De este modo podemos observar que —así como antes mencionábamos que la tarea de actuar se basaba en las mismas acciones y movimientos que las personas realizaban en la vida cotidiana, de modo tal que los recursos más inmediatos con los que cuentan los actores y actrices provienen de su propia experiencia fuera de la escena, recíprocamente— las habilidades corporales desarrolladas en el entrenamiento para la actuación suelen emerger o ponerse en juego más allá de los contextos estrictamente teatrales, de manera tal que entre lo que ocurre en los ámbitos de aprendizaje y práctica del teatro y la vida cotidiana de las personas que los transitan se establecen numerosas continuidades. Volveremos sobre esto más adelante.
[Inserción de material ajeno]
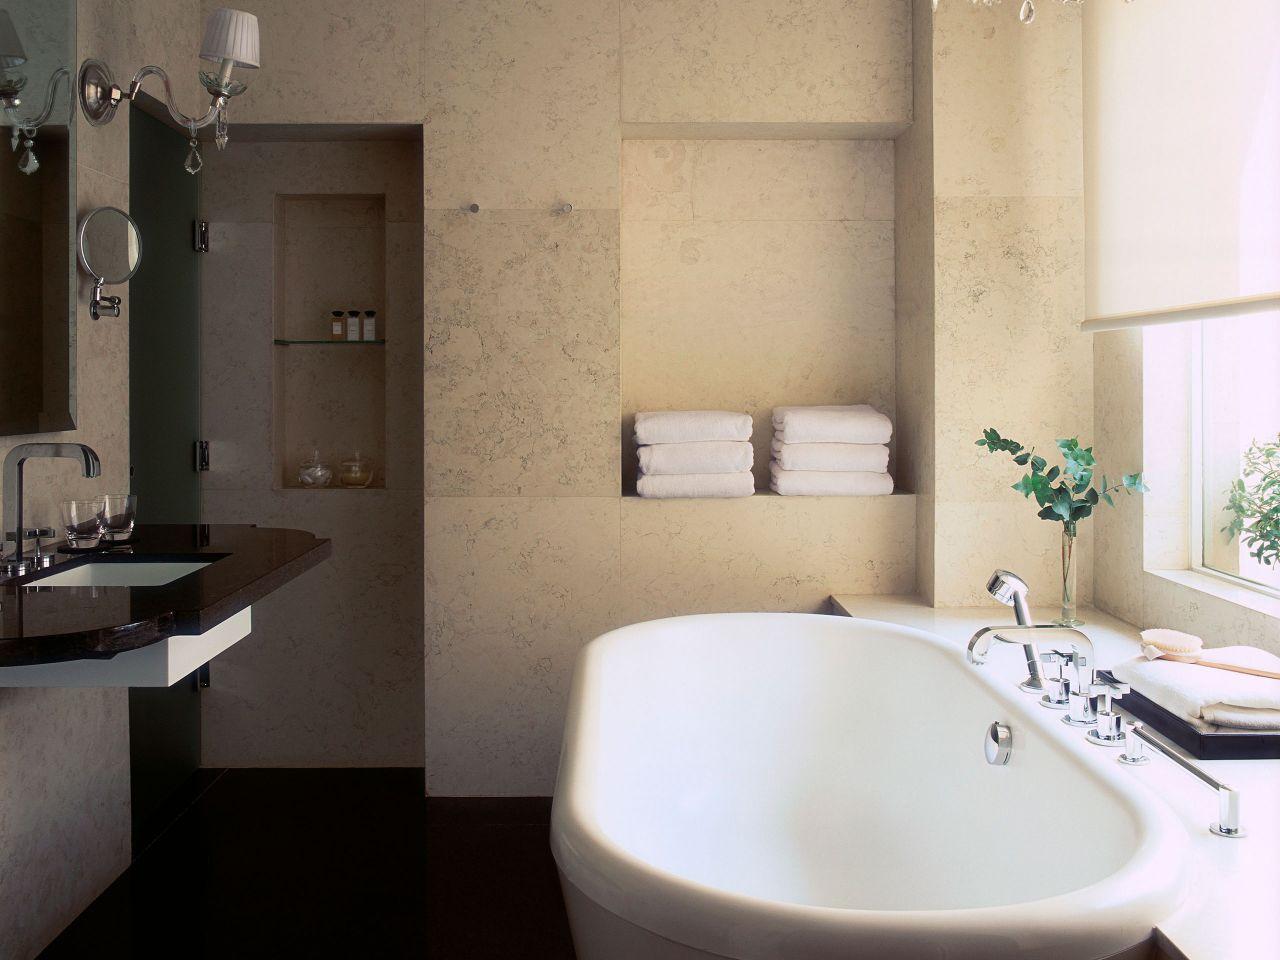 Boudoir Suite bathroom, large soaking tub

Consideremos ahora un aspecto más del modo en que la dimensión afectiva se pone en juego durante estos momentos de grupalidad, tan importantes en el entrenamiento para la actuación: el hecho de que la efervescencia que tiende a generarse en el trabajo con los otros permitiría acceder a la dimensión afectiva de un modo más intenso e inmediato que el trabajo centrado en lo individual:

Pilar: pienso que si no me doy mucho power no puedo acceder a un lugar afectivo. Como esa clase en la que estábamos todos con una energía muy alta haciéndonos cosas y ahí sí quedé re cebada y pude acceder a un lugar afectivo y maniobrar desde ahí. Como si necesitara darme un saque tremendo para poder llegar a ese lugar y ese saque me lo diera la euforia grupal, esa energía afectiva de hiperestímulos, de uno haciéndole al otro y el otro haciéndole a uno...

Norma: en el caos del grupo se hace más difícil ser prolijo con las consignas, pero ojo que el caos también tiene su plus... porque en la parte en la que trabajamos solos o de a dos se vuelve más complicado lo de no pensar y dejarse llevar por lo afectivo en cambio cuando estás en esa vorágine de cosas que te genera el grupo todo eso empieza a pasar solo y una vez que te metiste... es alegría pura. (Fragmentos del registro de clases del Seminario de Entrenamiento Actoral del Pollo Canevaro y Federico Aimetta, febrero-marzo de 2015)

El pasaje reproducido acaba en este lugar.